Heading north east from Ohio now to pick up a slightly woozy Izzy in Massachusetts. Don't worry, Izzy, there are no sneaky dogs down the back.
In England, there are the Haves and the Havants. Jinksy is getting on the bus at the latter with her home made pancake recipe neatly wrapped up in a lightly salted rondeau.
Somehow we made it through the large intestine of an intersection outside Hartford, Connecticut to make it to Danbury, where Professor ee lakatos is boarding, a frying pan in either hand and accidentally clunking all the other passengers on the head as she makes her way down the back of the bus.
It strikes me at this point in time that my earlier fears were completely ungrounded and that we have a pretty exciting Pancake Poetry Anthology in the making here. Please don't tell me its been done before.Wow! An incredible feeling of deja vu here as Joyce Enchanted Oak Kilmer gets on in Northern California. If she sits next to Helen, she'll be beside herself. Watch out for that purple goo on the upholstery though, Chris...
All rise and applaud please as we trundle into Arkla, county Wickla to pick up the bus's proprietor, founder and demi-god Totalfeckineejit Then read his incredible ticket and weep, good people and cry 'we are not worthy.'Sacre bleu (blue sugar?) as they say in the land of Cantona, who is this boarding in la belle France? Why none other than Lewis NanU Carroll brandishing her Jabberforky in preparation of some more brillig pancakes. Careful with the slithy toast there Nancy.
To be honest, I'm not exactly sure where the celebratory 120 Socks lives, so we'll just wait here on the N4 while she staggers on board, dropping empty beer bottles all over the place. She can't find the loo but she sure knows where the Poetry Bus is, eh?
Keep your knees and elbows in, please. Woman with child coming through. The inimitable Charles Niamh Bukowski is boarding in the People's Republic of Cork, combination ticket in hand and the dog that bit Izzy's horse snarling in tow.
Happy Monday to everyone, as we head to Central Scotland to pick up transplanted East Angular girl Lucy After you have read her quite wonderful rondeau that neither mopes nor limps, nor indeed splurges, try and leave a comment that doesn't sound trite!
Okay, everybody off the bus and form a guard of honour for Padhraig Cohen Nolan who has not only written a poem but performs it on audio too. I have a theory though. Do you see the way he didn't put it up on video? Well, I reckon he really has Leonard Cohen staying with him. If I'm wrong, this bus ticket is priceless!
Staying around the Pale, move down the bus please, woman with brand new baby in tow coming through. Yes its Dorothy Domestic Oubliette Parker hopping on board with her sugar and lemon and the only ticket so far to contain the word anaphylaxis.
It appears that Dana Bug was so piddly-eyed last time around that she went straight down the back and out the emergency exit.

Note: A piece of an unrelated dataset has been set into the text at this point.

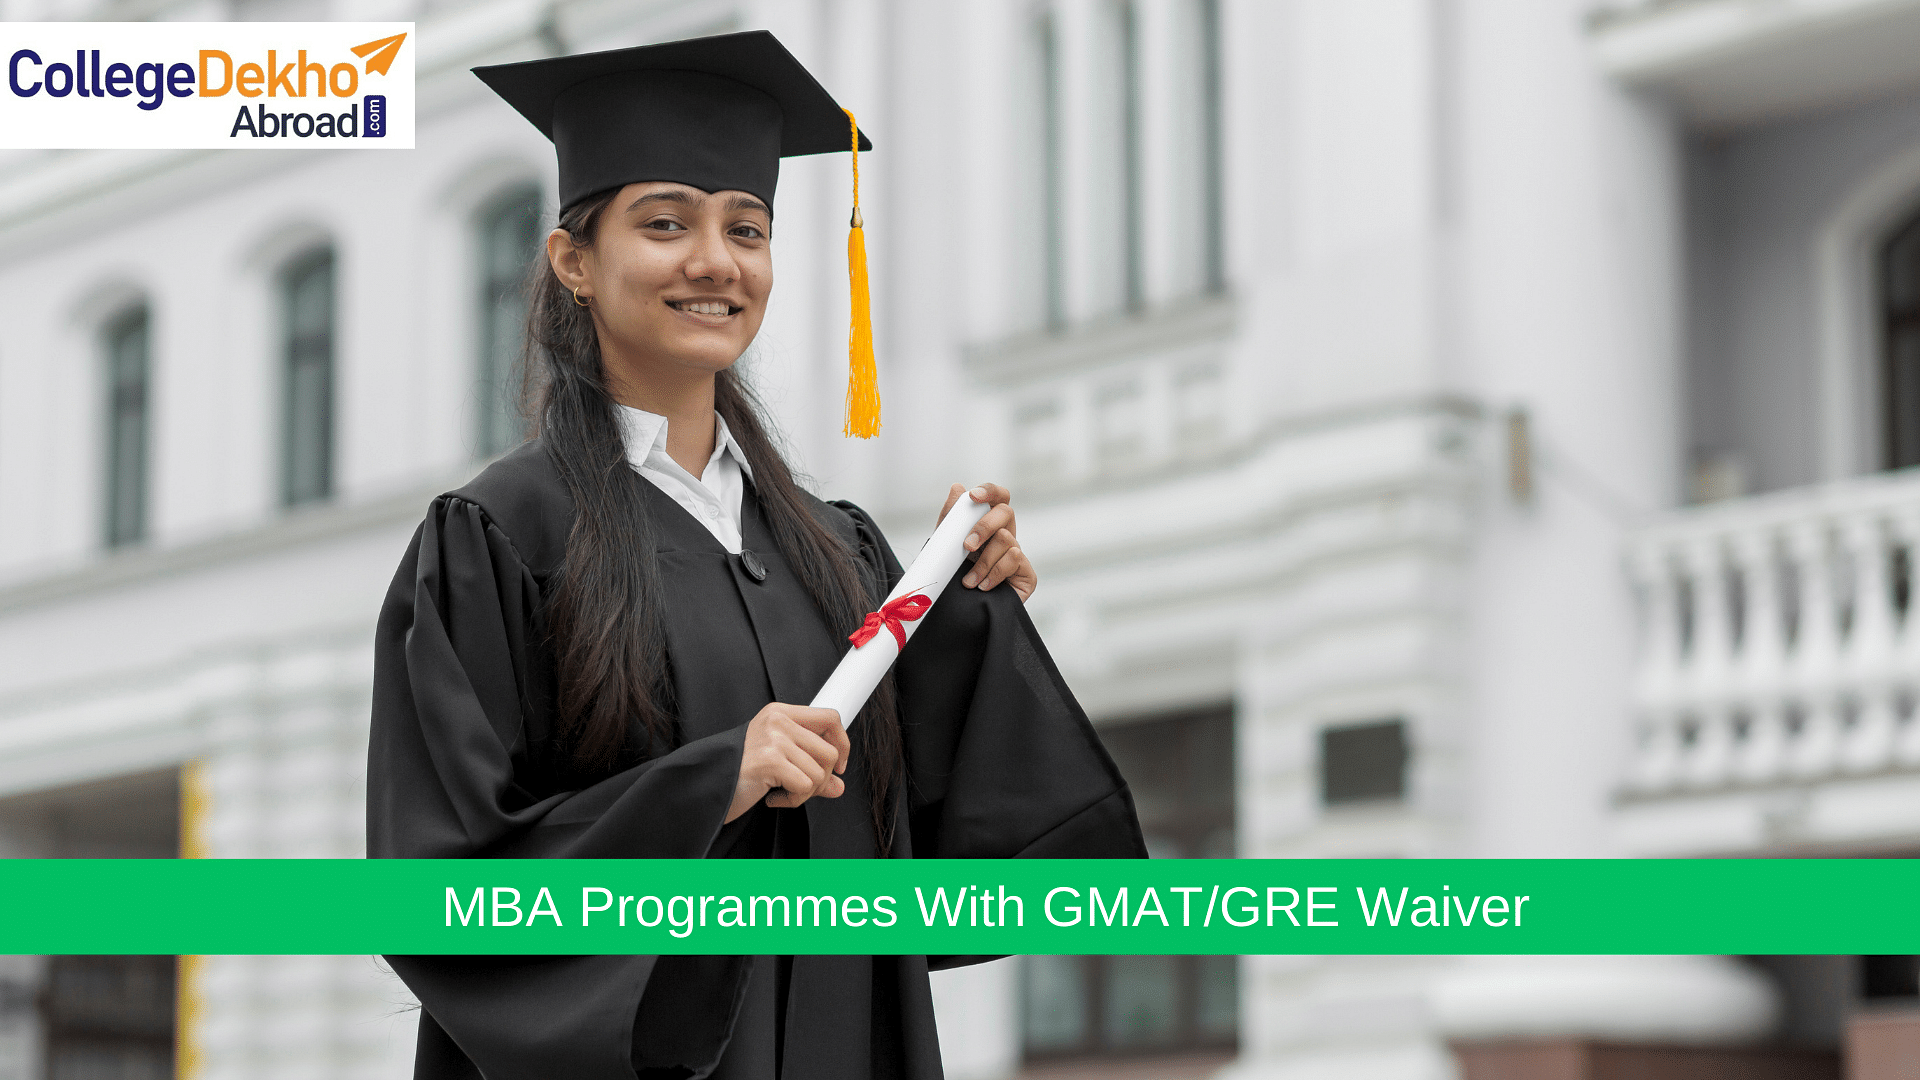 MBA Programmes With GMAT/GRE Waiver

Now here she is, trying to get on board with a Magpie-shaped ticket! Fortunately it is written out as a rondeau of the highest quality so hop on the bus, Bug...
And another hare-raising experience on the ghostly Dalveen Pass (sounds like one of Sgt. Frazer's tales of doom) for one-time peace-maker turned rabid warmonger Titus who delivers up a rondeau of the highest quality despite having crammed 48 hours into the day already.

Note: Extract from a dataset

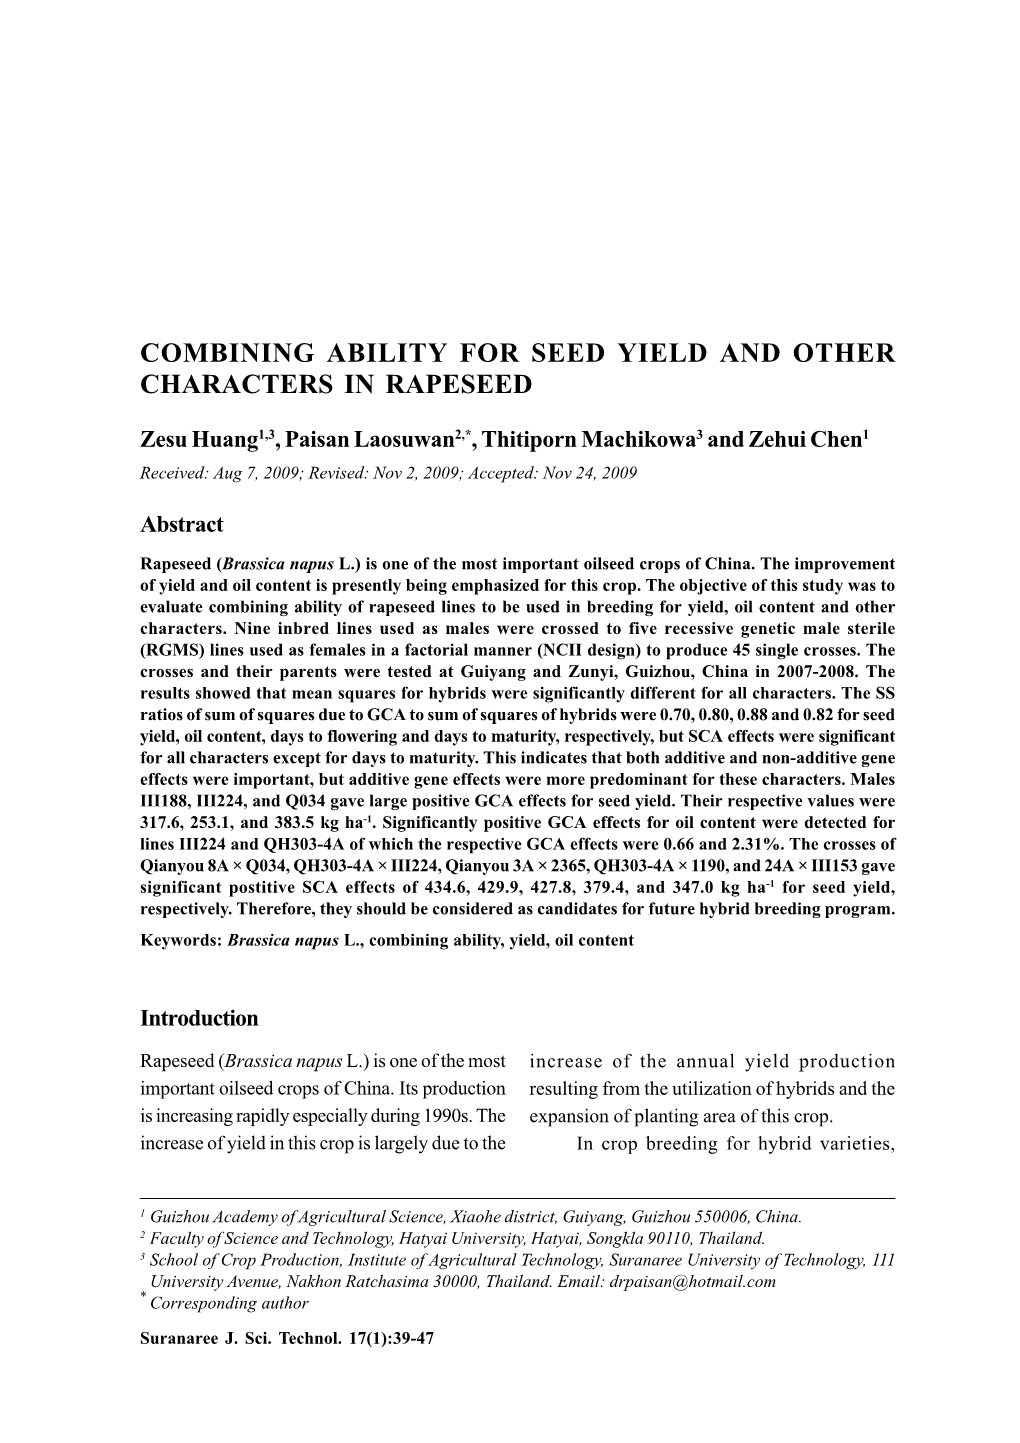 Combining Ability for Seed Yield and Other Characters in Rapeseed

Another hair-raising race across the pond (what's the name of that bus in the Harry Potter books?) to pick up Dorothy Lolamouse Parker, who proffers another delightful pancake ode, together with loads of other foodstuffs that didn't satisfy her man. Yup, we're all set for a pancake anthology for next year! You're very welcome aboard Lola.
Heading due south from Maryland, I think we'd better pick up the very devout Cynthia who is late, who's late for a very important date. She will be hearing confession later down the back of the bus but I wouldn't believe anything she tells you!